Neuroimaging Findings and Outcome in Pediatric Cephalocele with Chiari II-Like Stigmata

Author(s): Rida Salman, Nilesh K. Desai, Stephen F. Kralik, Michael A. Belfort, Livja Mertiri, Gunes Orman , Thierry A.G.M. Huisman

Background and Objective: There is a known association between Chiari malformation and occipital encephalocele. We aim to identify the frequency of Chiari II-like neuroimaging findings and radiologic and clinical outcomes after surgical repair in pediatric patients with cephalocele.

Materials and Methods: Retrospective review of brain CT and MRI of children with cephalocele between 1/1/2011-11/30/2021 was performed in consensus. Demographic, clinical and surgical data were recorded.
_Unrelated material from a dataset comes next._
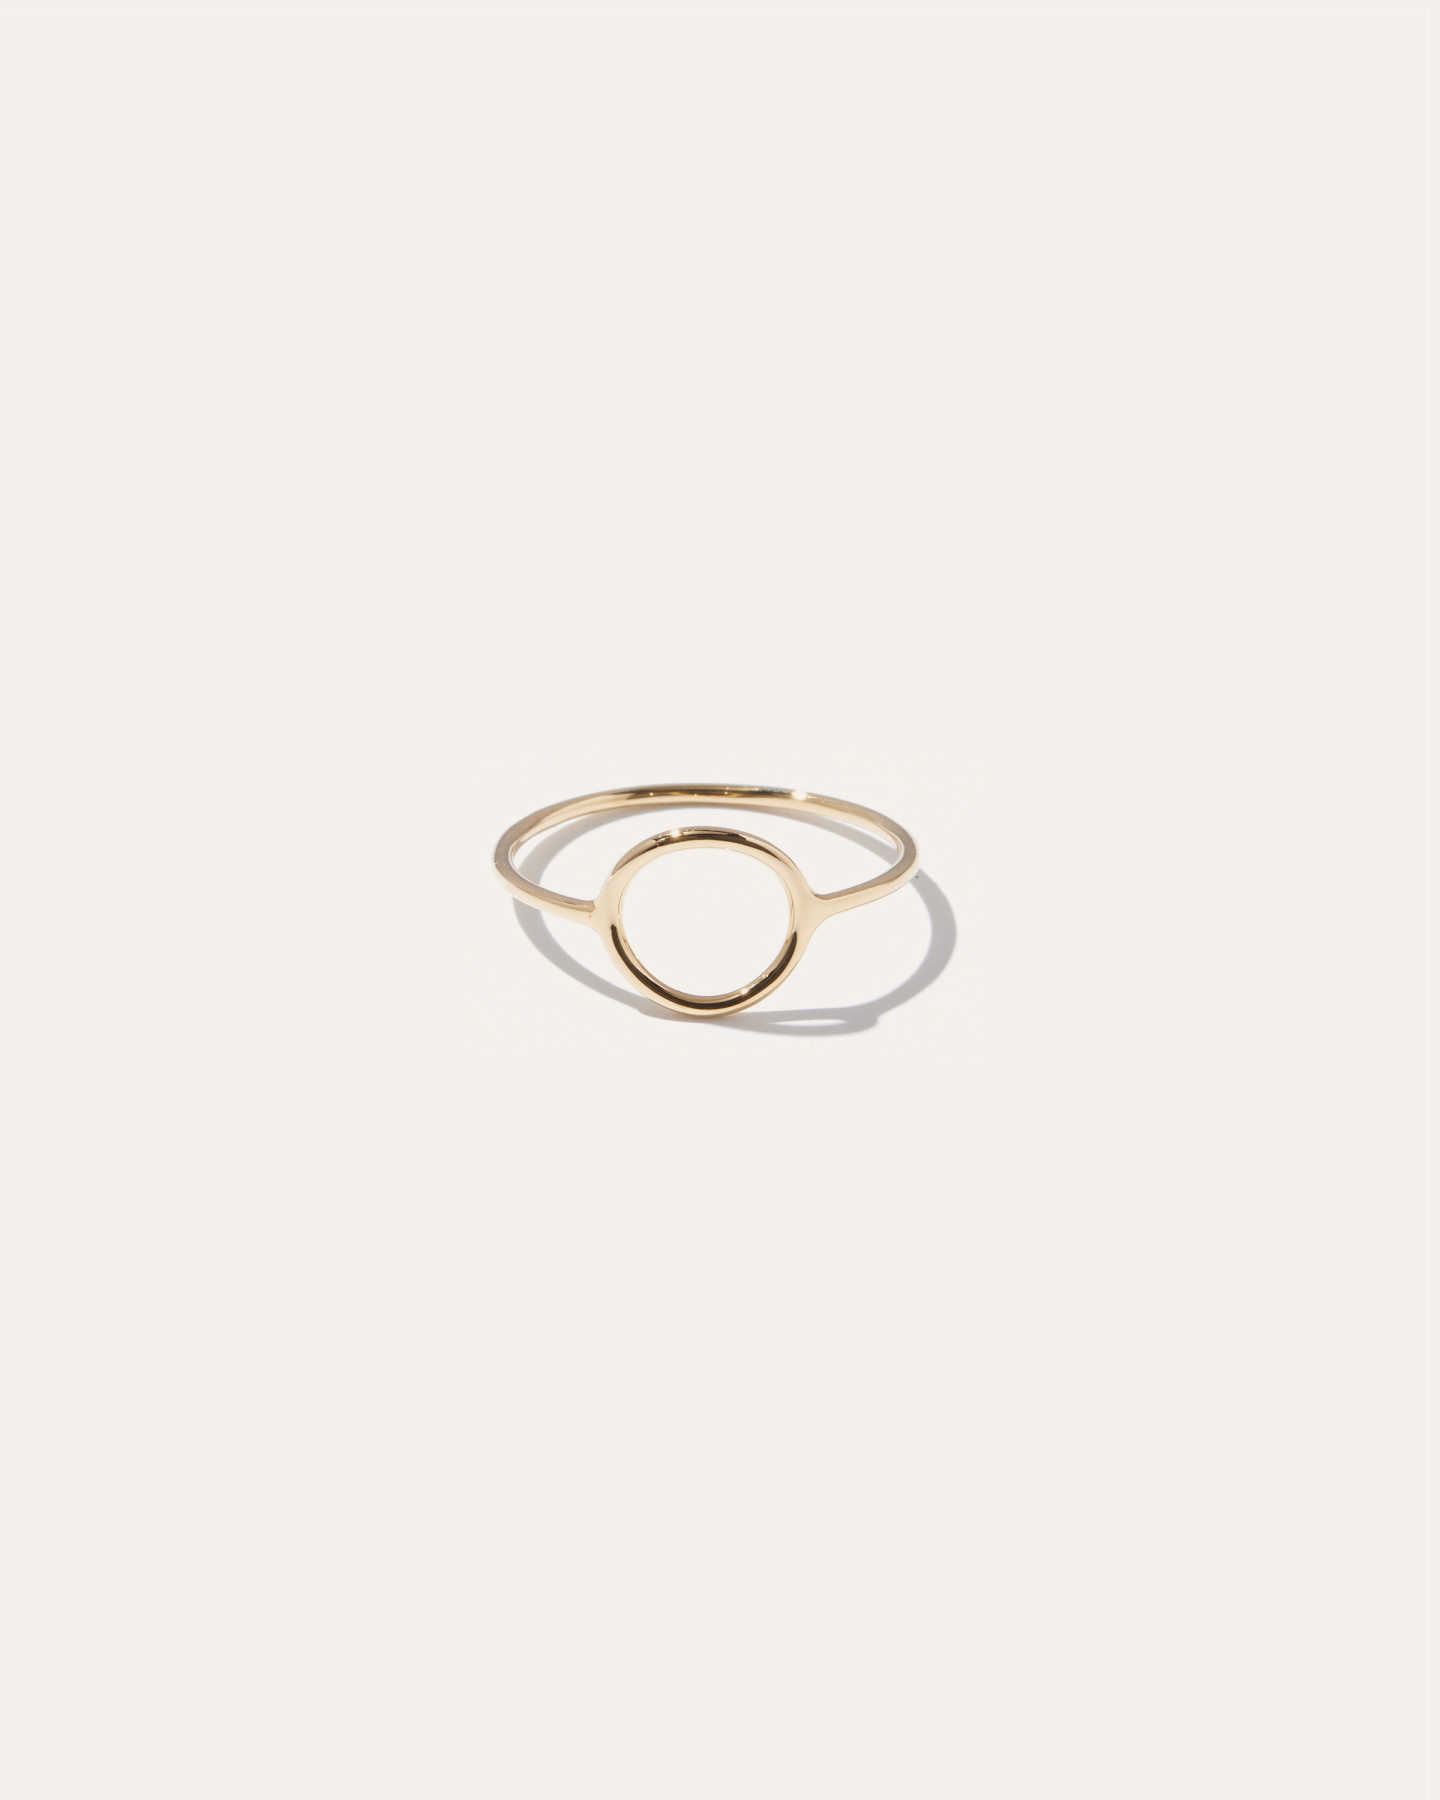 You May Also Like - 14k Gold Circle Ring - Yellow Gold

The location and size of defect, type of herniated tissue, posterior fossa size, hindbrain herniation (HH) into the upper spinal canal, tectal beaking (TB), cortical malformation (CM), corpus callosum abnormalities and hydrocephalus were collected. Clinical and radiologic outcome were noted.
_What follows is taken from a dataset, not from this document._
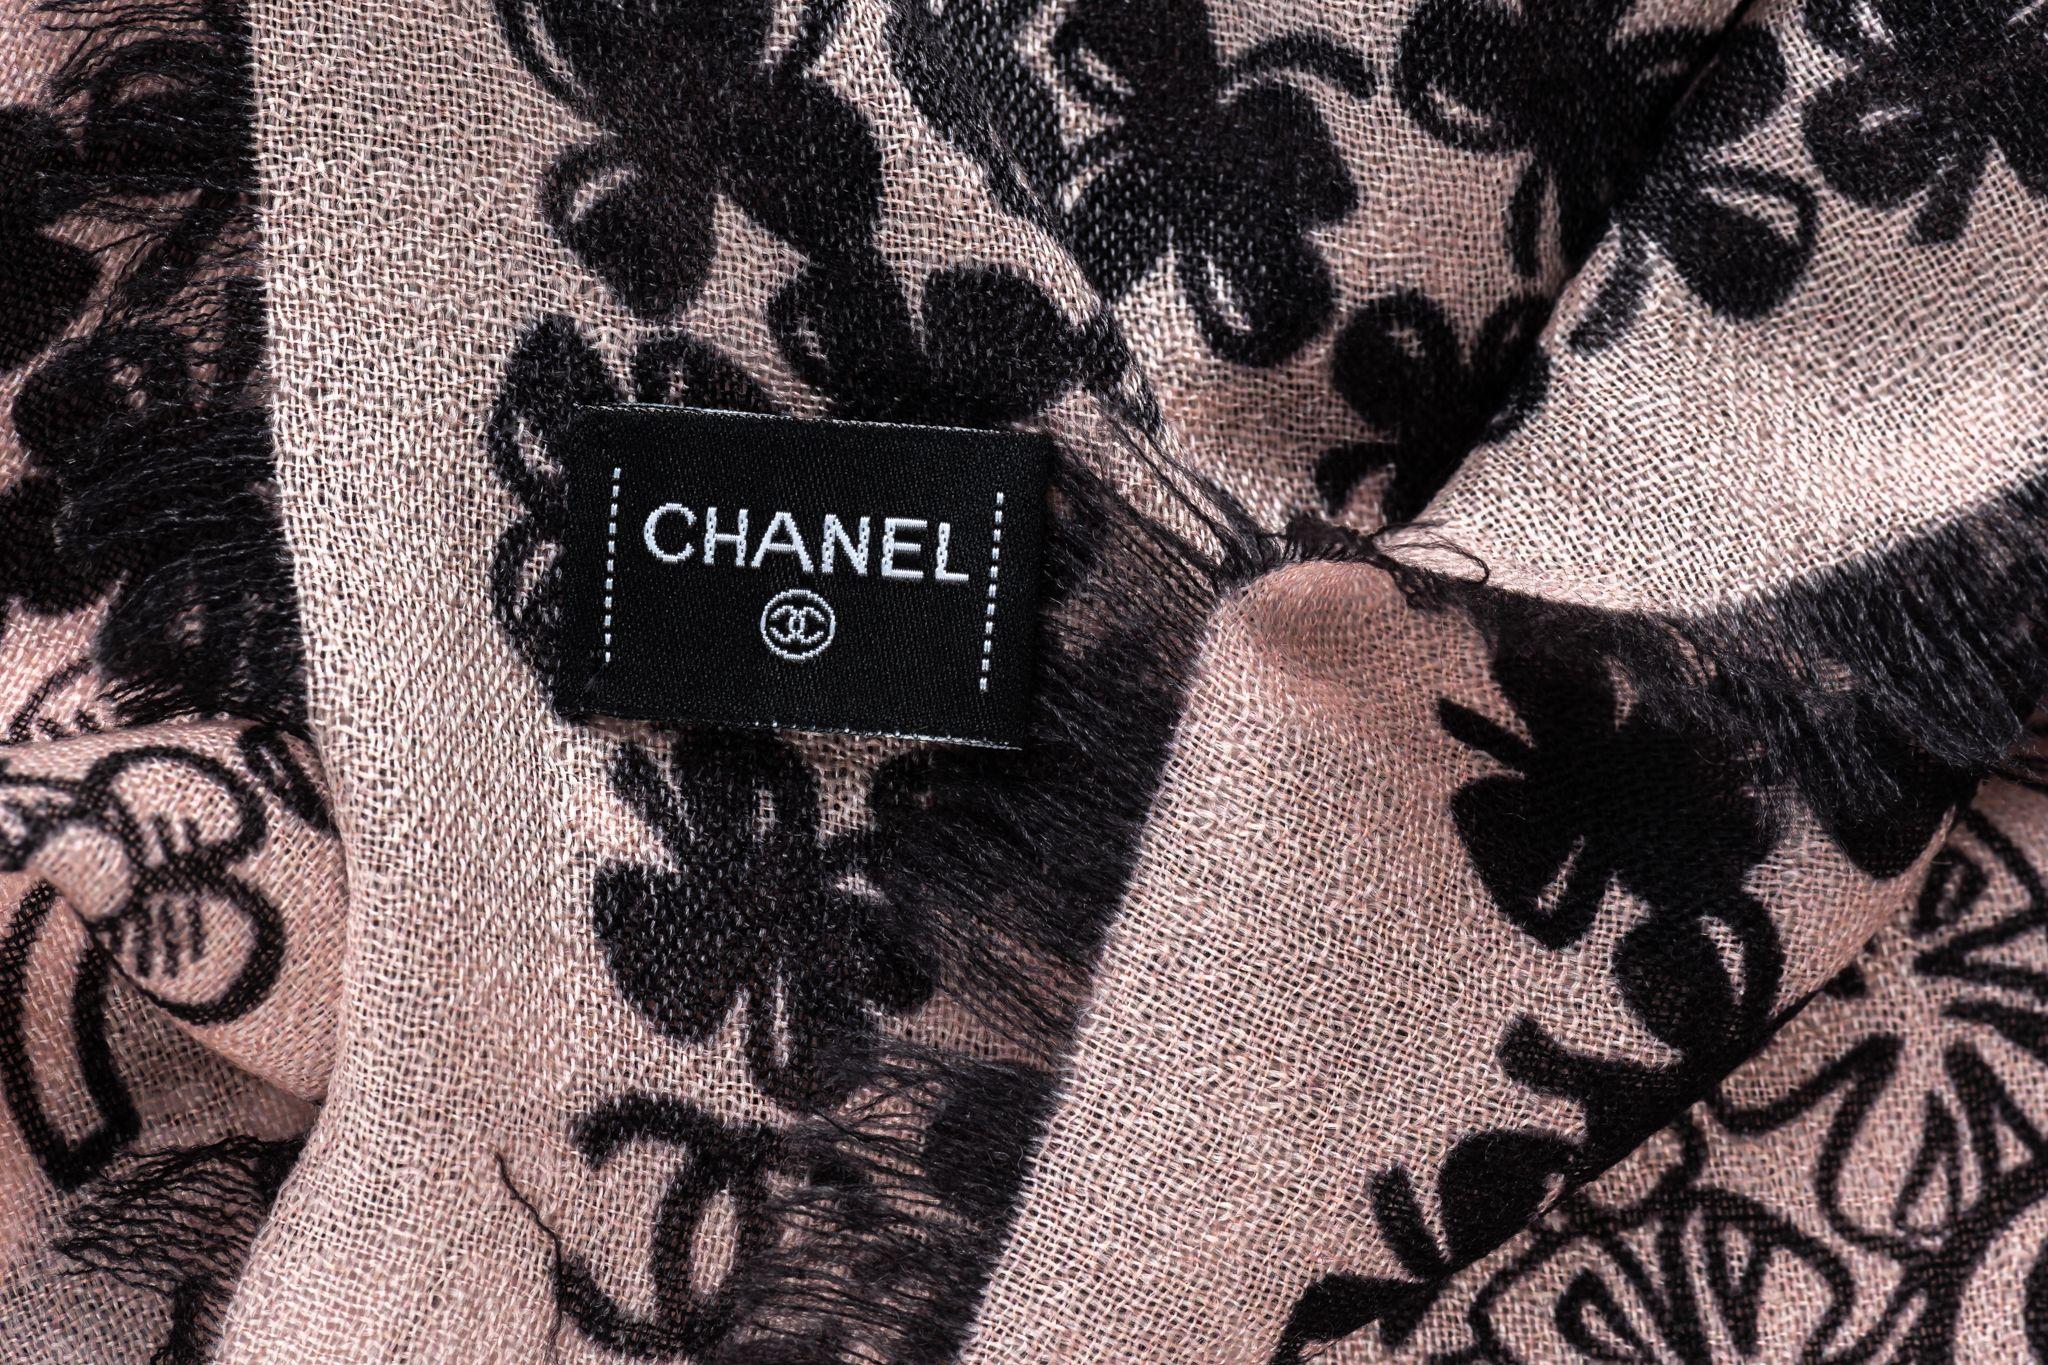 Chanel new black pink cashmere shawl. Clover and multi logo design. Care tag attached.

Results: Twenty-six patients were included (19 females, 73%) with mean age at diagnosis 121+/-565 days. Neuroimaging showed occipital defect in 23 (89%), meningoencephalocele in 18 (69%) and small posterior fossa in 18 (69%). HH was present in 12 (46%), TB in 5 (19%) and CM in 11 (42%). No hydrocephalus in 15 (58%), normal corpus callosum in 11 (42%) patients. One patient did not have documented clinical follow-up note. Sixteen (64%) had good outcome. No statistically significant difference in clinical outcome regarding the radiologic findings at diagnosis. Small posterior fossa (p=0.04) and presence of HH (p=0.001) on initial imaging was associated with postsurgical HH. Defect location (p=0.03) and presence of hydrocephalus (p=0.01) on initial imaging was associated with postsurgical hydrocephalus.

Conclusions: Less than half of cephalocele patients demonstrate Chiari II-like findings on initial imaging. Variable changes in HH and hydrocephalus occur following surgery suggesting that it is an acquired deformity sequence.